**What needs to be done**
Repeat the data word for word and skip the pictures.

**Supplied information**
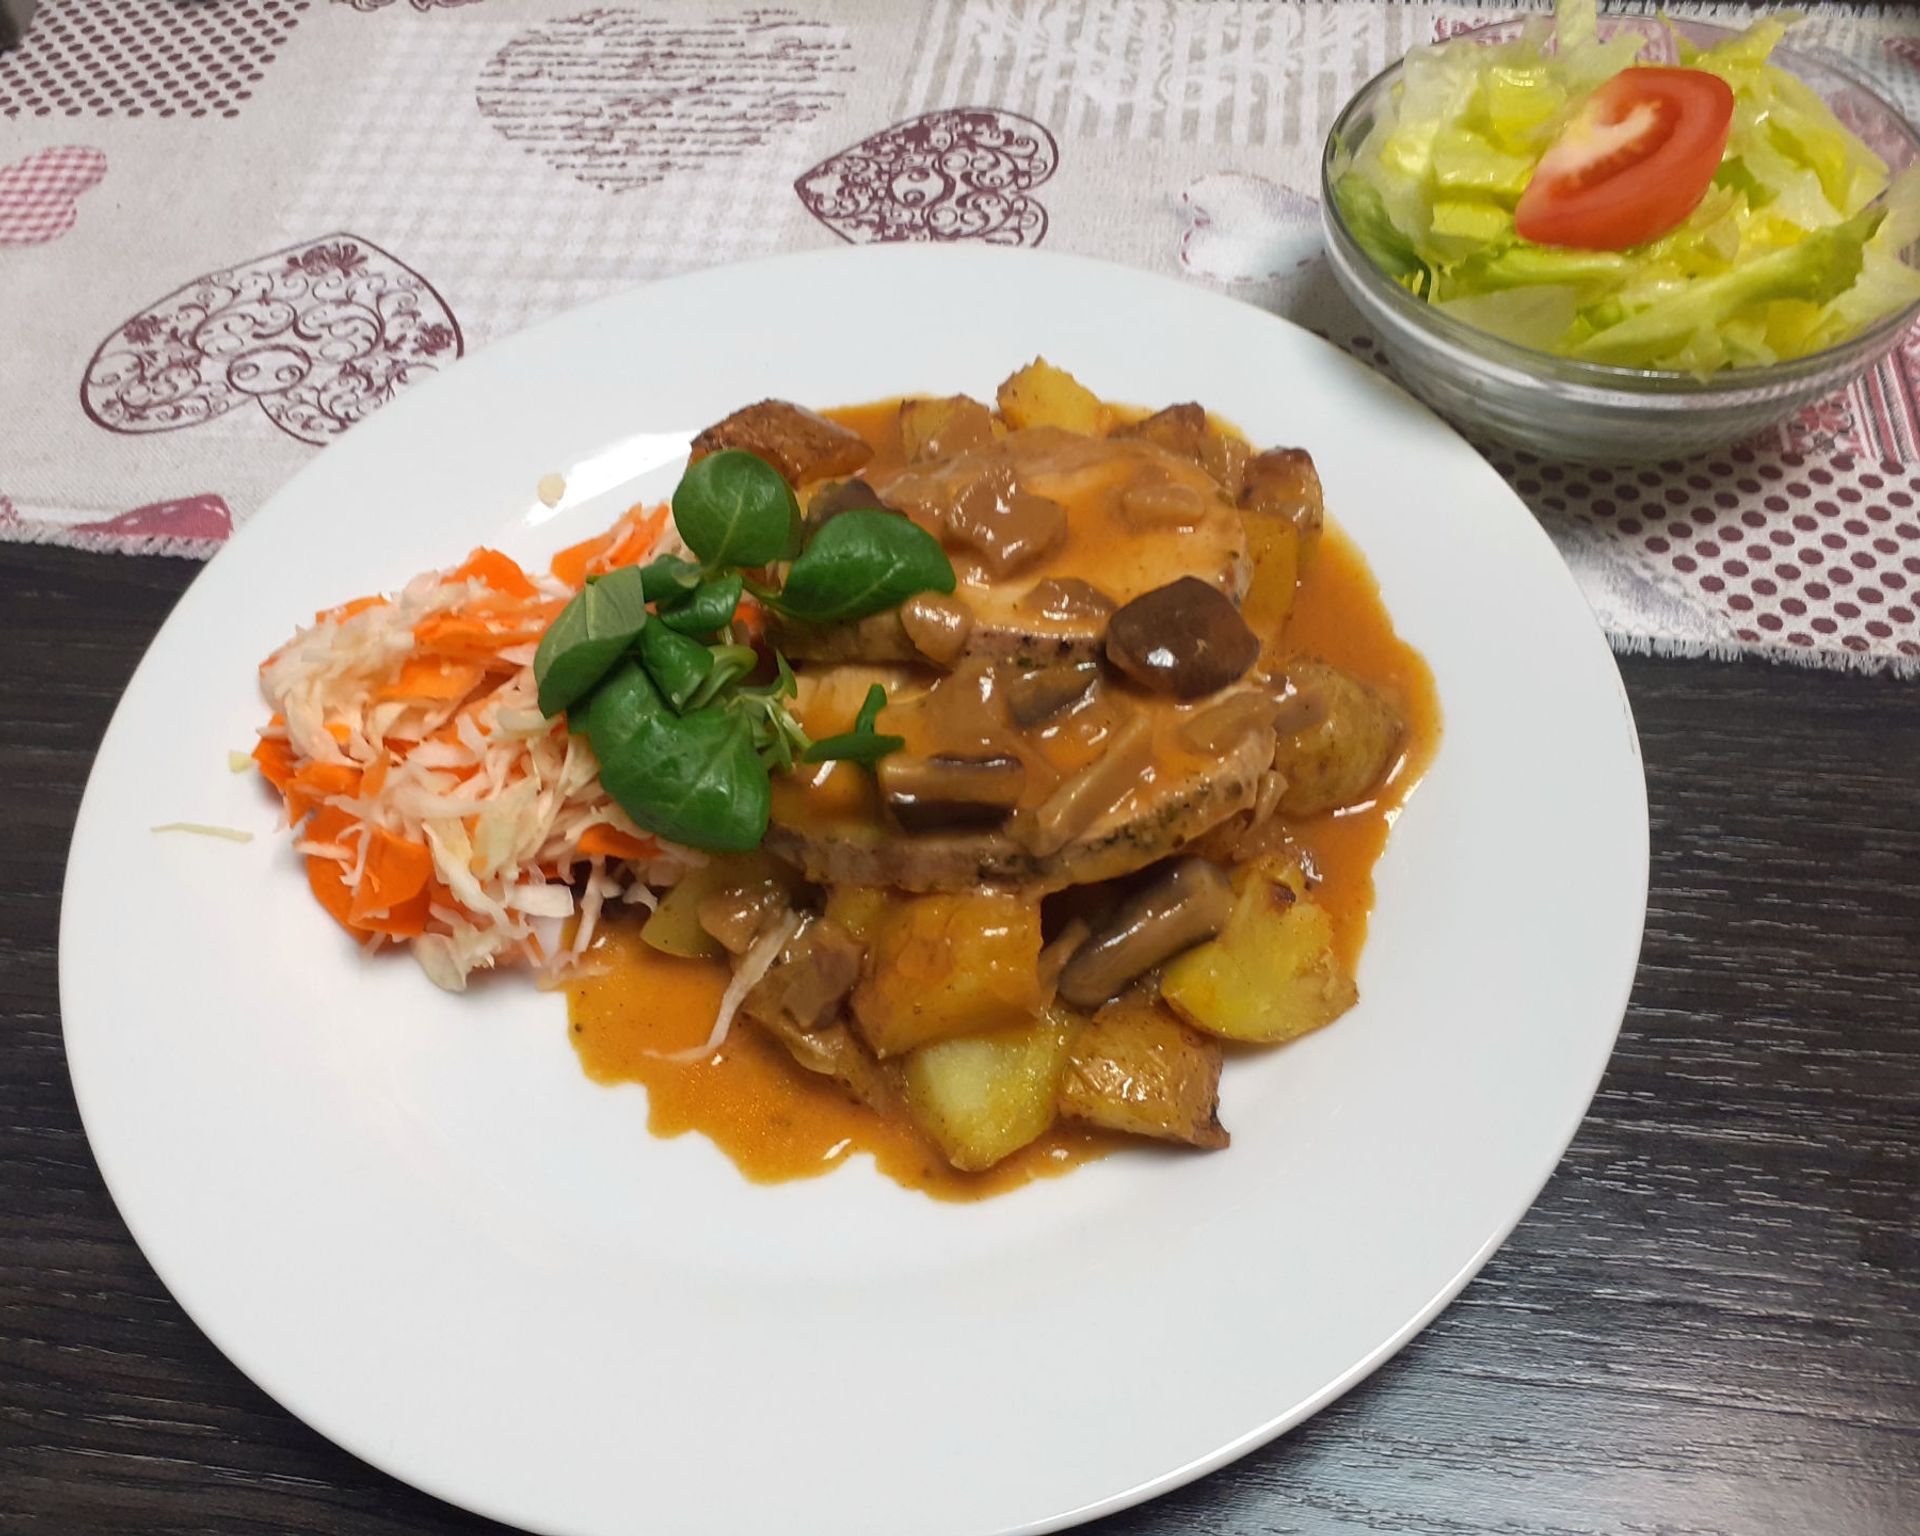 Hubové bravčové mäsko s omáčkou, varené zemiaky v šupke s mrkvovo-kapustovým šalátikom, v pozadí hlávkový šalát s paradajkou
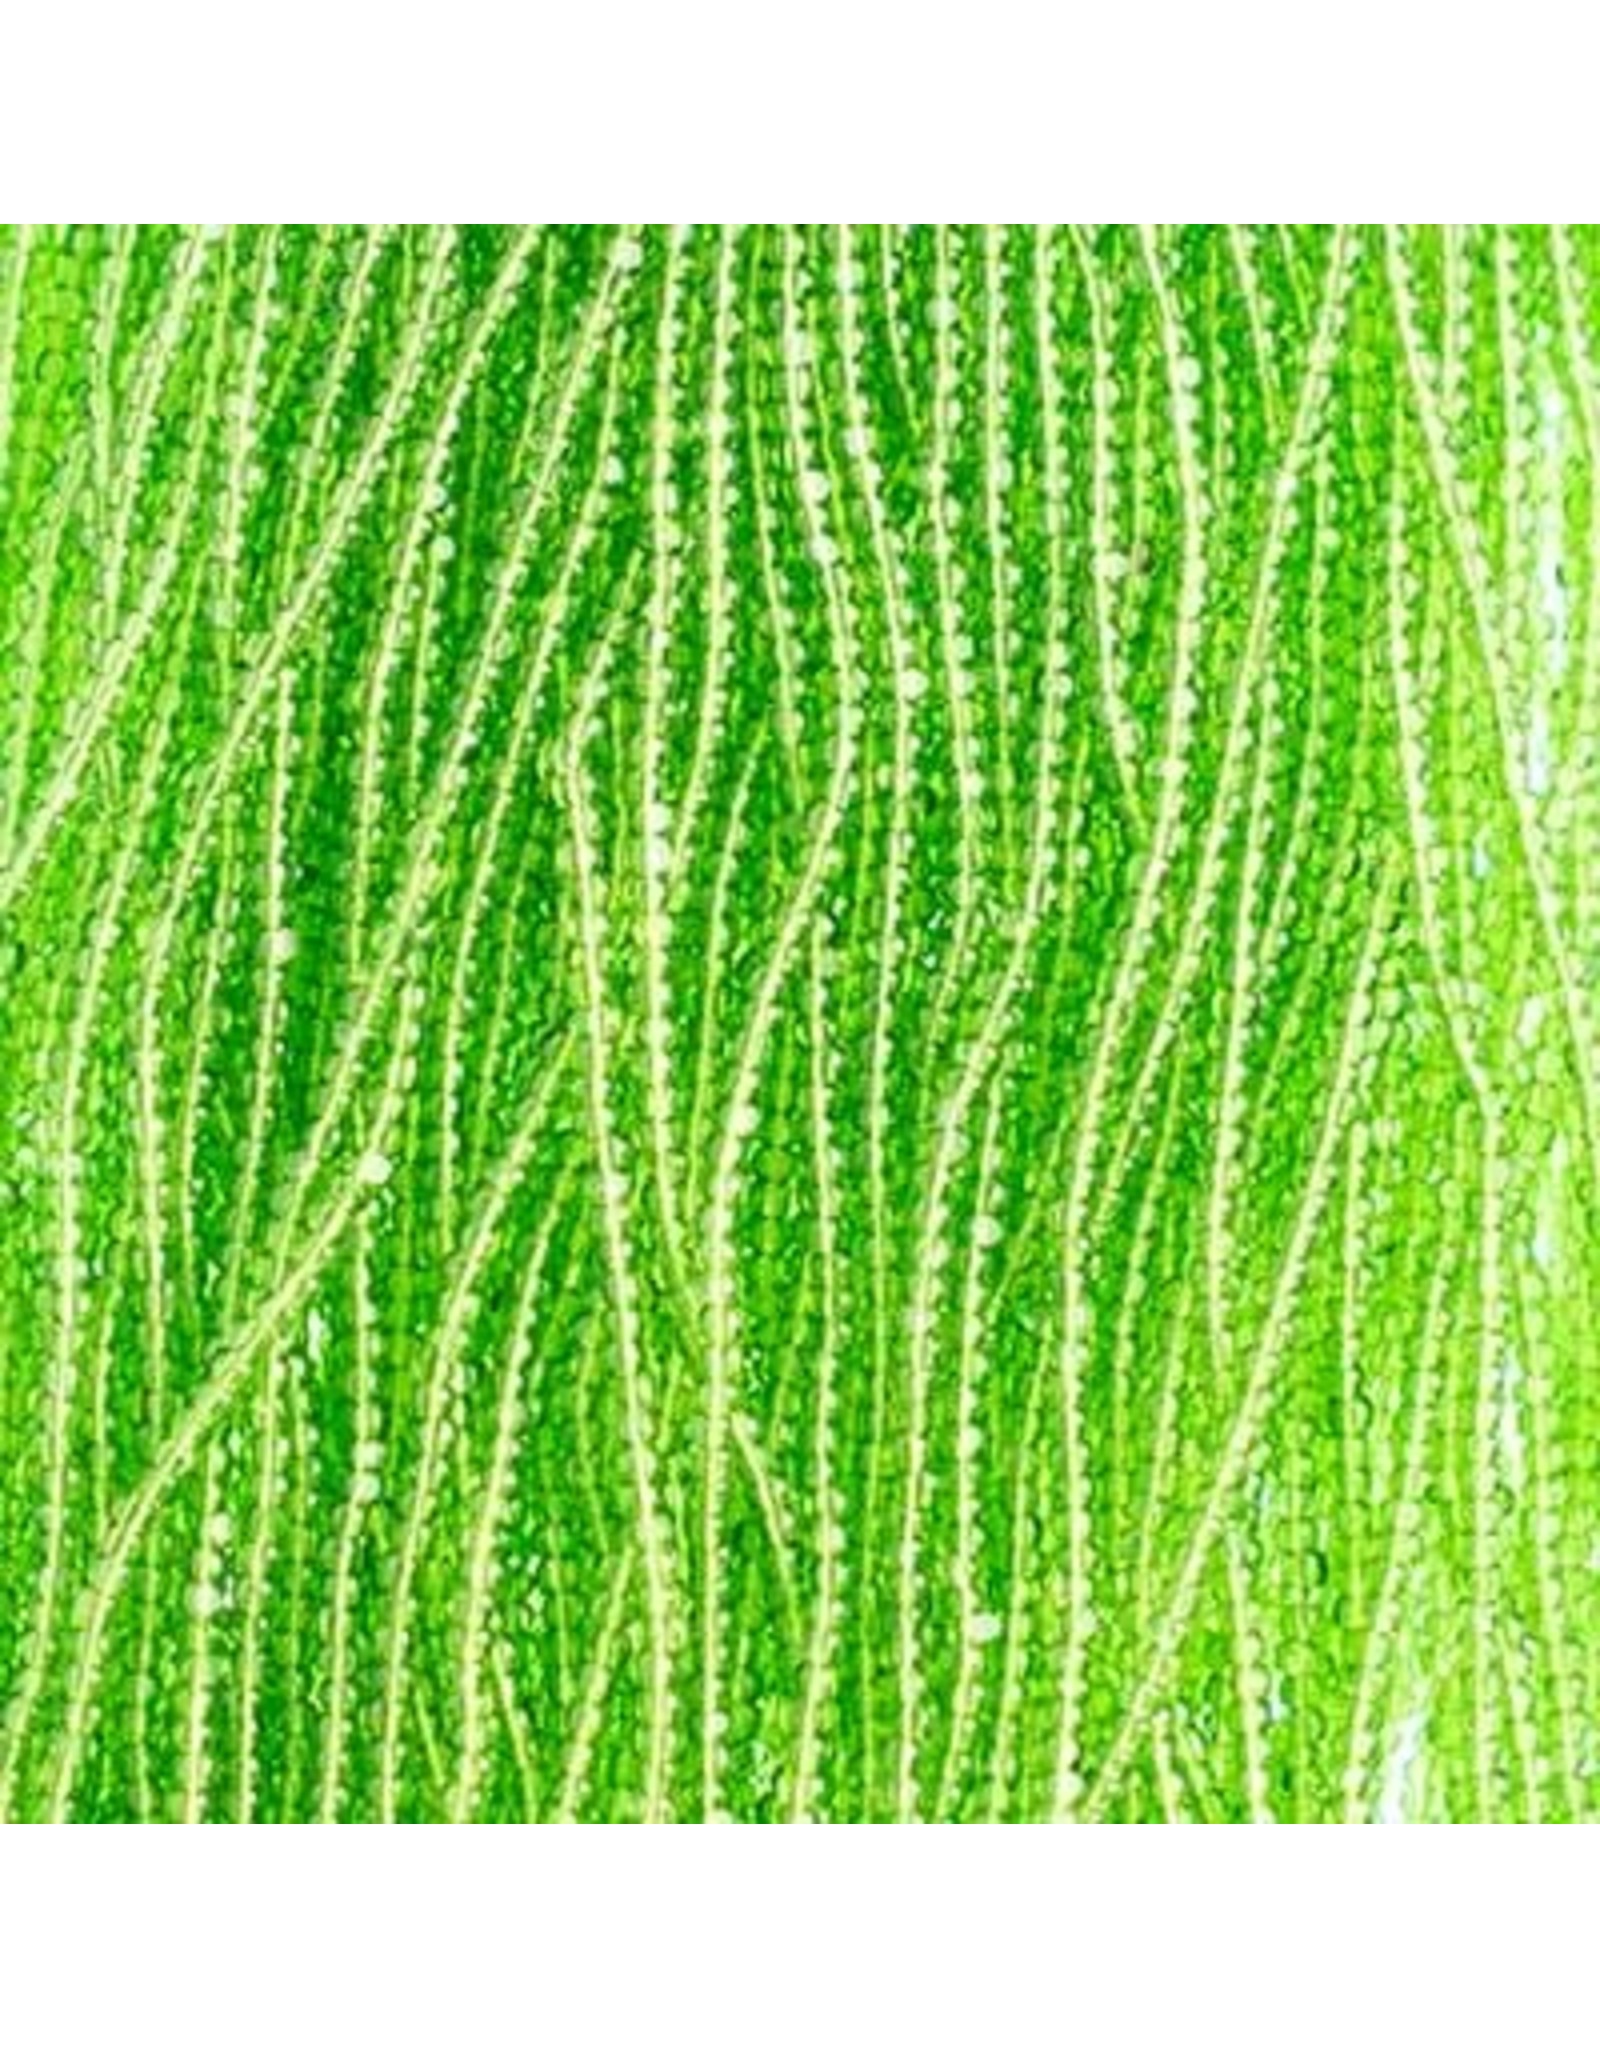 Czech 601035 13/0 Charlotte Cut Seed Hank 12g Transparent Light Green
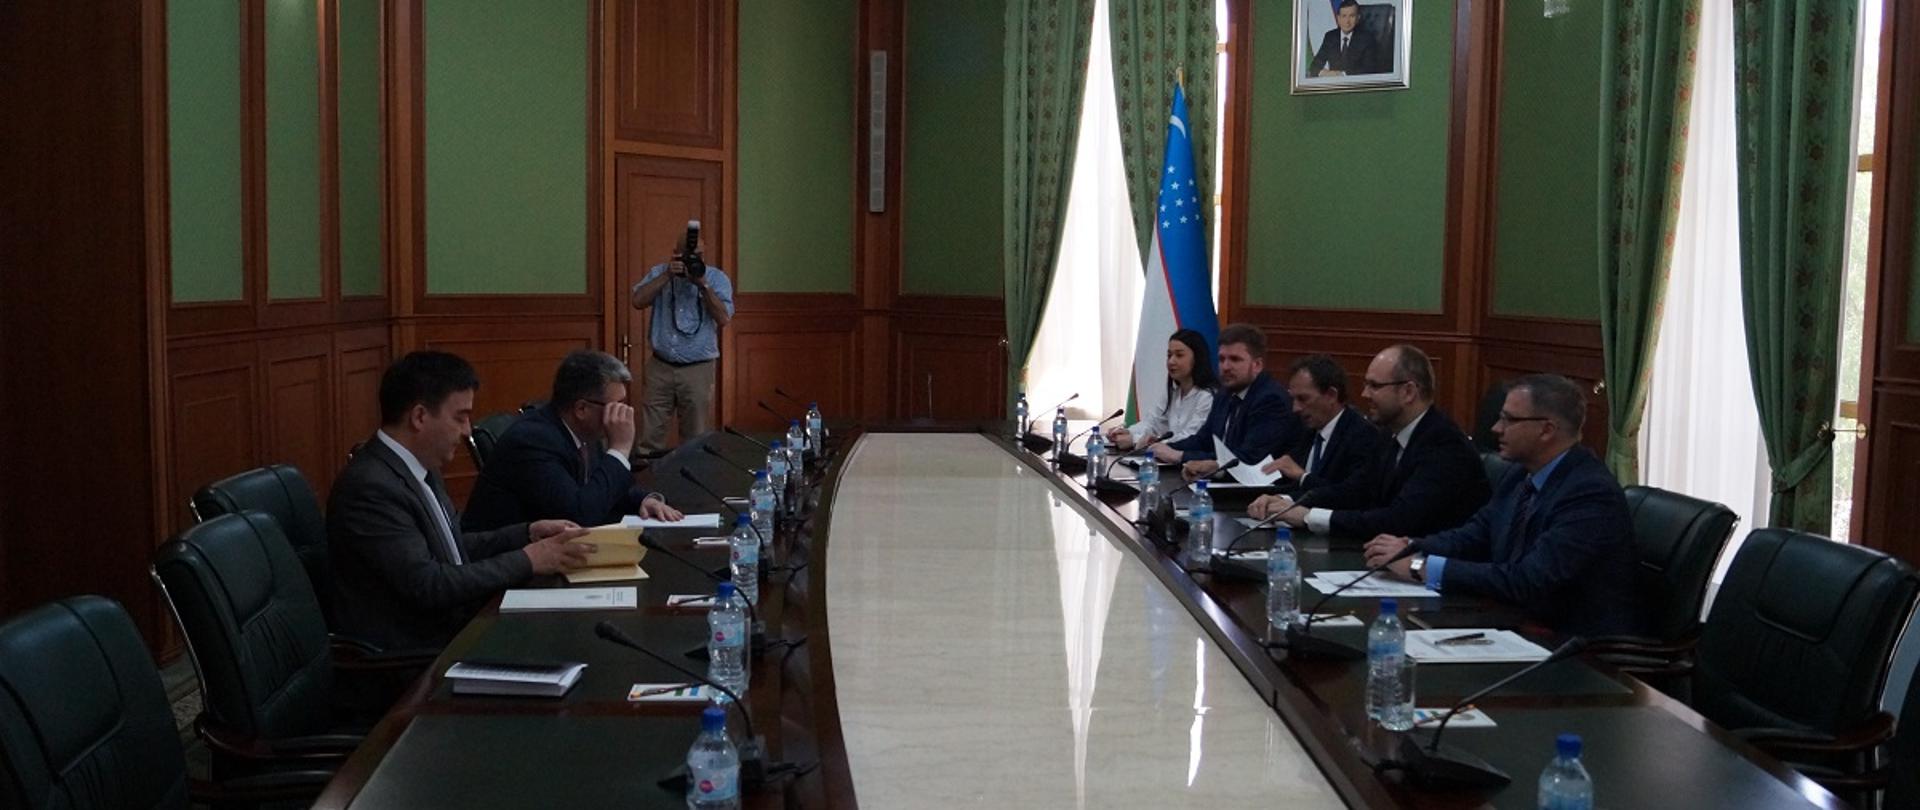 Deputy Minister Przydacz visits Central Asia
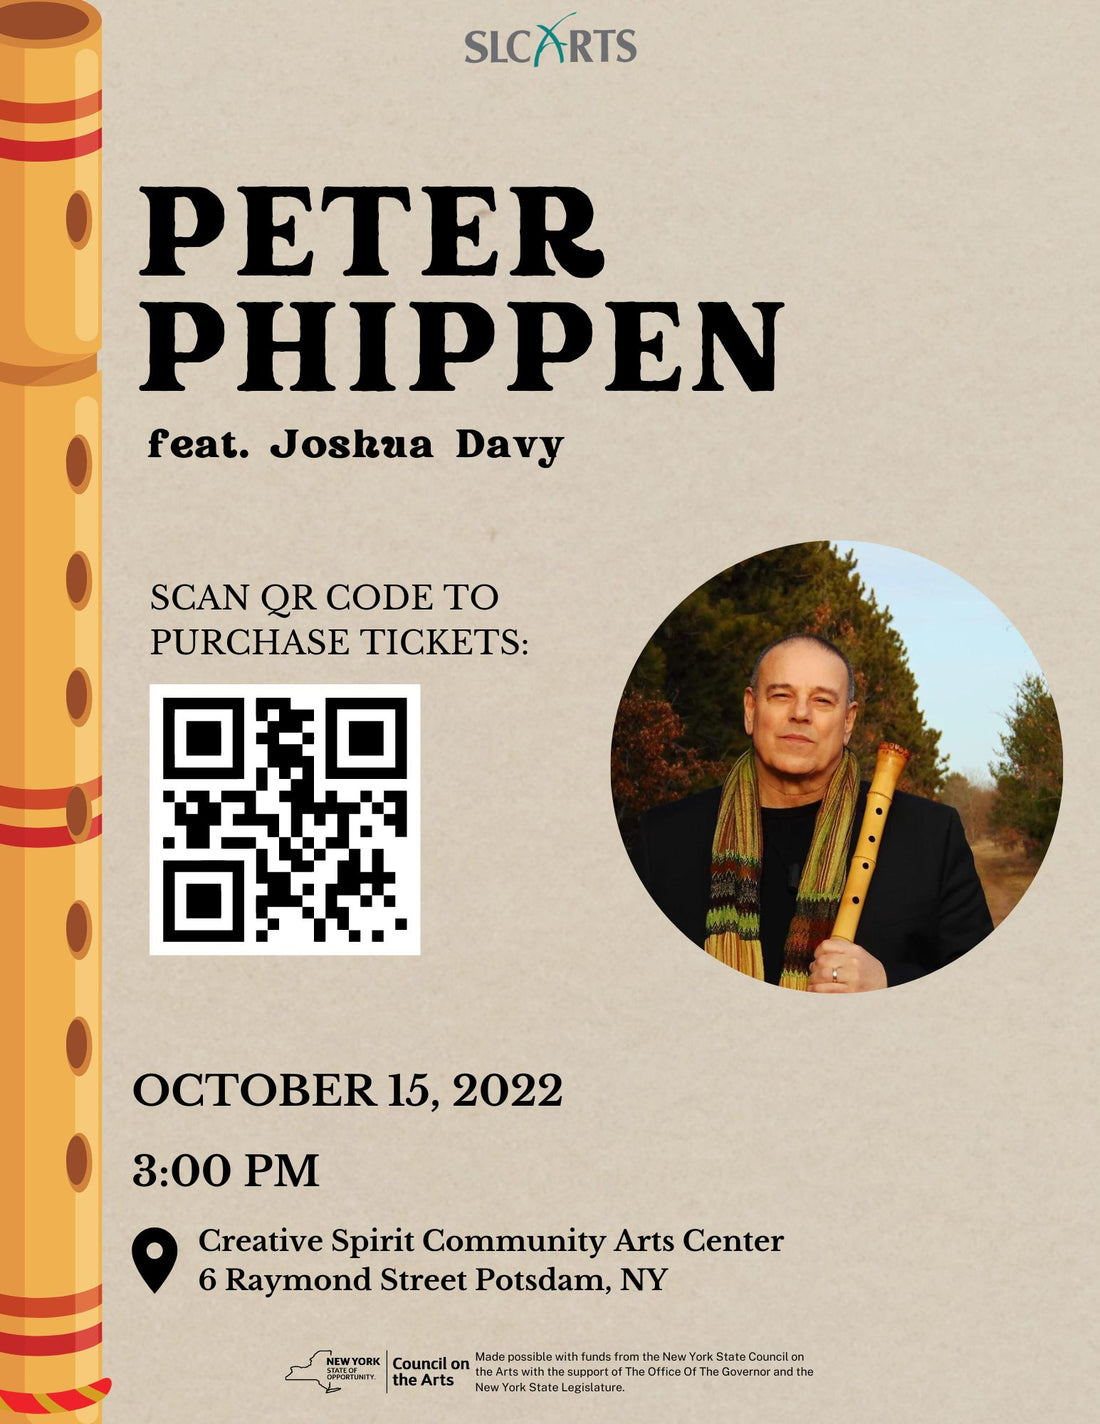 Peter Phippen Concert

**Expected output**
 Hubové bravčové mäsko s omáčkou, varené zemiaky v šupke s mrkvovo-kapustovým šalátikom, v pozadí hlávkový šalát s paradajkou
 Czech 601035 13/0 Charlotte Cut Seed Hank 12g Transparent Light Green
 Deputy Minister Przydacz visits Central Asia
 Peter Phippen Concert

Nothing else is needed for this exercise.